# Lecture: pre-processing and quality control with fastp

Here we will do a demo to run fastp on a dataset I have already downloaded. The following steps comprise a typical workflow.

1. Create a working directory for this exercise.
2. Locate data.
3. Setup _fastp_ through a container and make an alias.
4. Run the program on a single dataset.
5. Look at the html result.
6. Write a script to run the other datasets in a batch job (we'll do this from the terminal)

First, let's set aside some space in the working directory. 

In [None]:
# Step 1: create a workspace
cd /scratch/summit/$USER
mkdir -p DSCI512_RNAseq
cd DSCI512_RNAseq
pwd

Now we're going to link a data directory to this current directory. We do this because the data is very large and will take too long for a demonstration. 
The link will reside in the present directory and act like any other, except you won't be able to change its contents.
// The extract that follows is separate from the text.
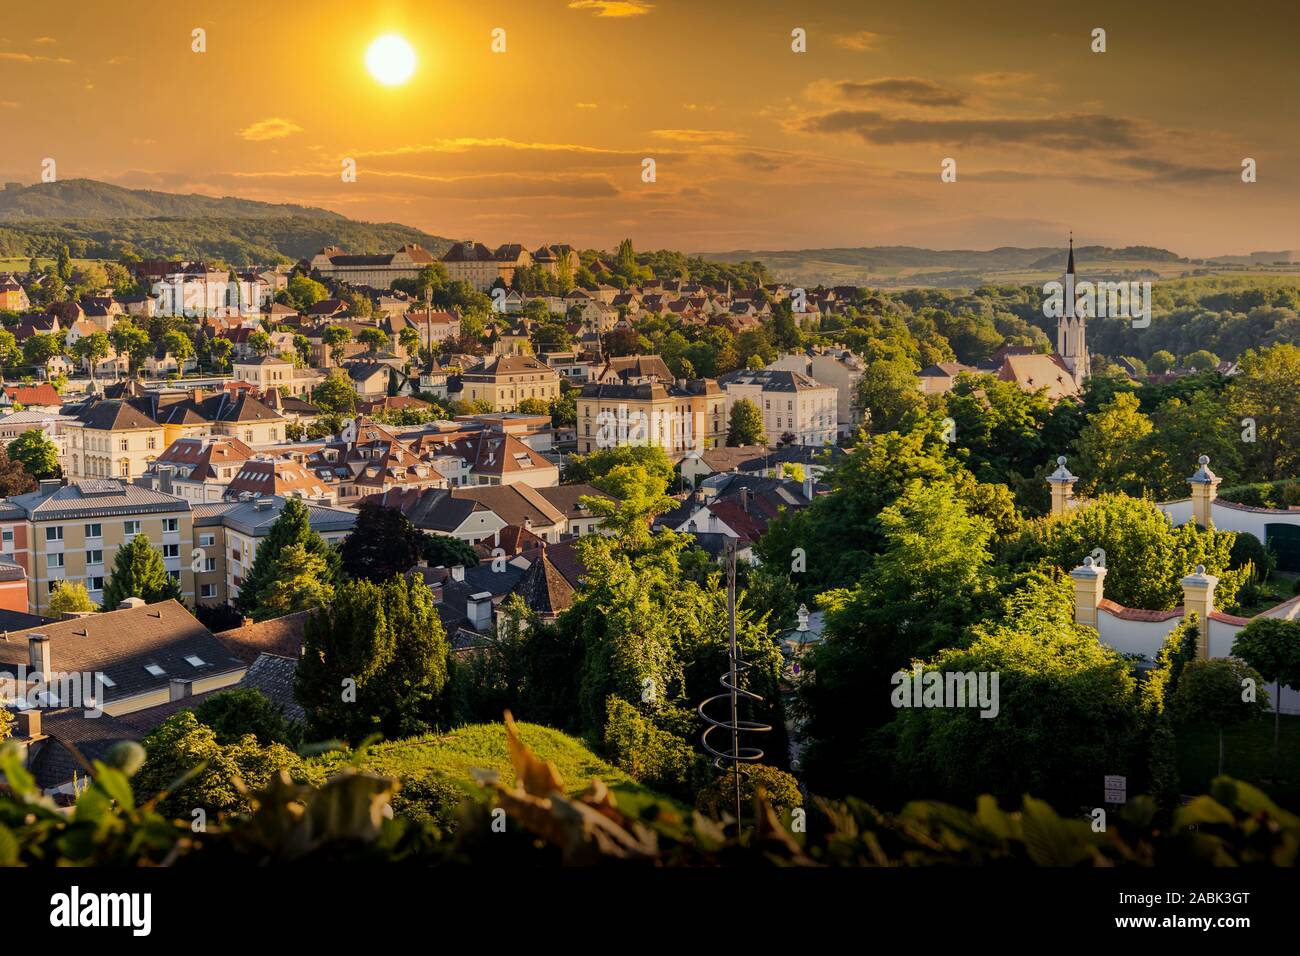 View of the buildings and roofs of the picturesque town of Melk on a sunset, Lower Austria, Wachau Valley. Stock Photo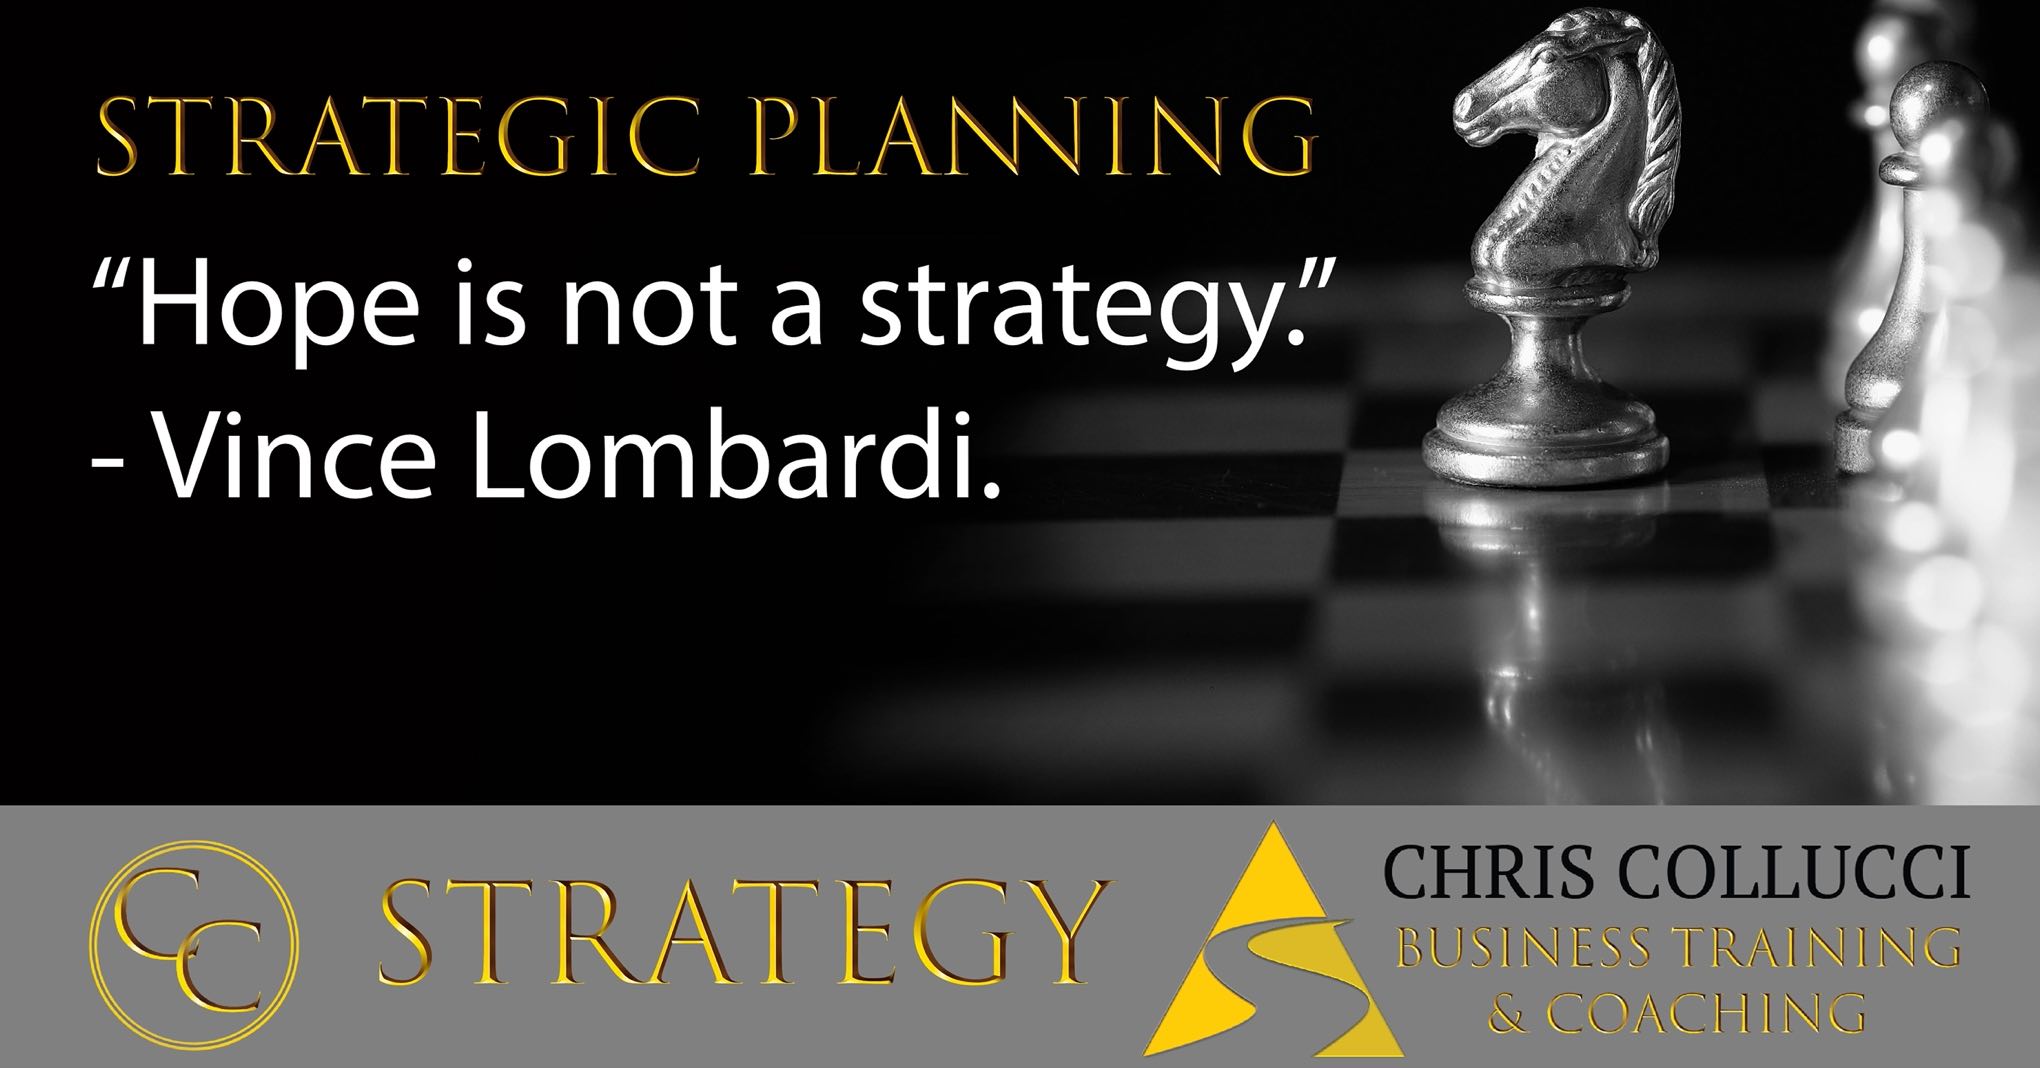 inspirational quote from Vince Lombardi hope is not a strategy

It is __read-only.__

In [None]:
# make directories to use through processing
# skipping 01_input - we will make that with a link below
mkdir 02_output
mkdir 03_scripts
mkdir 04_logs


In [None]:
#link to the data directory (I have already downloaded everything)
ln -sv /scratch/summit/dcking@colostate.edu/DSCI512/2019/data 01_input

In [None]:
# look at your directory structure
ls -l

Mine looks like this:

Notice that the files are very large- many close to 2 gigabytes. Data of this size should be kept in your scratch directory (_or in this case, mine_).

We've set up our workspace and located the data. &#10003; 


***

Run the following command to get a link to a graphical interface for this directory. 

## Open the file browser to you current location
&#8681;&#8681;&#8681;&#8681;&#8681;

In [None]:
echo https://jupyter.rc.colorado.edu/user/$USER/tree$PWD


&#8679;&#8679;&#8679;&#8679;&#8679;<font size="3">__This link opens file browser to current directory__</font> &#8679;&#8679;&#8679;&#8679;&#8679;
***
***
***
# Running fastp

We will run this through a singularity container:

 * Load the singularity module
 * Test the container with the full command (long)
 * Make an alias for the long command

In [None]:
# Step 3: load the module that works with containers
module load singularity
module list

The following command:
`singularity exec /projects/dcking@colostate.edu/containers/Summit_RNAseq_container.sif fastp`
 * __singularity__ - A program that reads a container.
 * __exec__ - verb: execute
 * ___[path to container image]___: The container itself, called an image.
 * __fastp__: The program you want to execute.

In [None]:
# Step 4: Run fastp through the container without arguments- gives catelog of available flags
singularity exec /projects/dcking@colostate.edu/containers/Summit_RNAseq_container.sif fastp

__Note__: The warning <font color=orange>WARNING: Non existent 'bind path' source: '/rc_scratch'</font> is due to the configuration and is not a problem.

In [None]:
# Make an alias for fastp
alias fastp='singularity exec /projects/dcking@colostate.edu/containers/Summit_RNAseq_container.sif fastp'

You will now be able to type _fastp_ in place of the long command.

In [None]:
# Test the alias- same output.
fastp

__The usage message tells us for paired end data:__

`-i readfile1.fastq -I readfile2.fastq`

`-o outputfile1.fastq -O outputfile2.fastq`

`[options]`

For the options:

 * __-x__: remove polyX (polyAs polyCs polyGs polyTs)
 * __-p__: overrepresentation analysis
 * __--thread__: We only have 1 on jupyterhub. We can use more in our script.
 * __-h,-j__: The report filenames in html, json (javascript object notation).

***
The backslashes `\` below allow me to wrap the command onto multiple lines.

In [None]:
time fastp -i 01_input/SRR5832199_1.fastq       -I 01_input/SRR5832199_2.fastq \
           -o 02_output/SRR5832199_trim_1.fastq -O 02_output/SRR5832199_trim_2.fastq \
           -h 02_output/SRR5832199_report.html  -j 02_output/SRR5832199_report.json\
           --thread 1 \
           -x -p 


You'll see <font color=orange>WARNING: Non existent 'bind path' source: '/rc_scratch'</font> again until the output comes.

It is running while you still see <font color="blue">`In [*]`</font> with the asterisk.

# Preparing and running a batch job

Now we're going to set up the full version of this. Open your terminal emulator and log on to summit.